Performance Considerations

When parsing large datasets, consider using Java’s parsing methods directly for better performance:

import java.lang.{Integer, Double => JDouble}

def fastParseInt(s: String): Option[Int] = {
  try {
    Some(Integer.parseInt(s))
  } catch {
    case _: NumberFormatException => None
  }
}

def fastParseDouble(s: String): Option[Double] = {
  try {
    Some(JDouble.parseDouble(s))
  } catch {
    case _: NumberFormatException => None
  }
}

// Benchmark-friendly batch processing
def parseIntList(strings: List[String]): List[Int] = {
  strings.flatMap(s => Try(s.toInt).toOption)
}

val numbers = List("1", "2", "invalid", "4", "5")
println(parseIntList(numbers)) // List(1, 2, 4, 5)

Working with Different Number Bases

Parse hexadecimal, octal, or binary strings using Java’s Integer.parseInt with radix:

def parseHex(s: String): Option[Int] = {
  try {
    Some(Integer.parseInt(s, 16))
  } catch {
    case _: NumberFormatException => None
  }
}

println(parseHex("FF")) // Some(255)
println(parseHex("1A3")) // Some(419)

def parseBinary(s: String): Option[Int] = {
  try {
    Some(Integer.parseInt(s, 2))
  } catch {
    case _: NumberFormatException => None
  }
}

println(parseBinary("1010")) // Some(10)
println(parseBinary("11111111")) // Some(255)

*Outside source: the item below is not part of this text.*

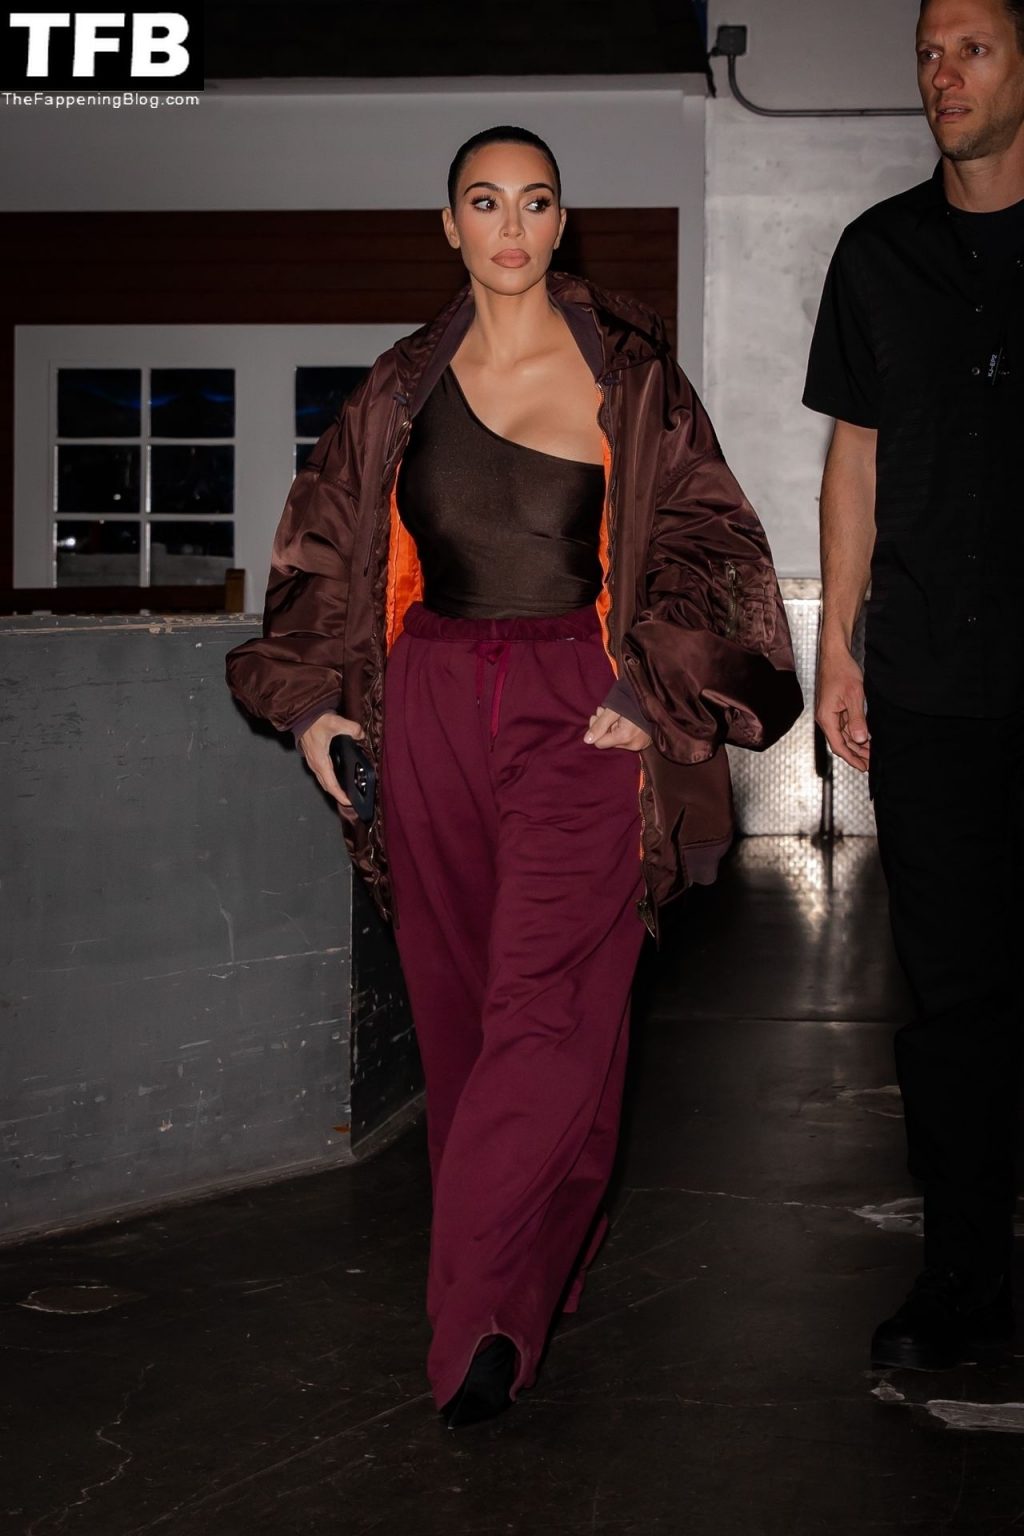 Kim Kardashian is Seen Braless After a Shoot at Chelsea Piers Sports Complex in NYC (27 Photos)

Choose conversion methods based on your error handling requirements: toInt/toDouble for guaranteed valid input, Option for simple presence/absence semantics, Try for exception wrapping, and Either for detailed error reporting. In production systems, prefer explicit error handling over exception throwing to maintain predictable control flow.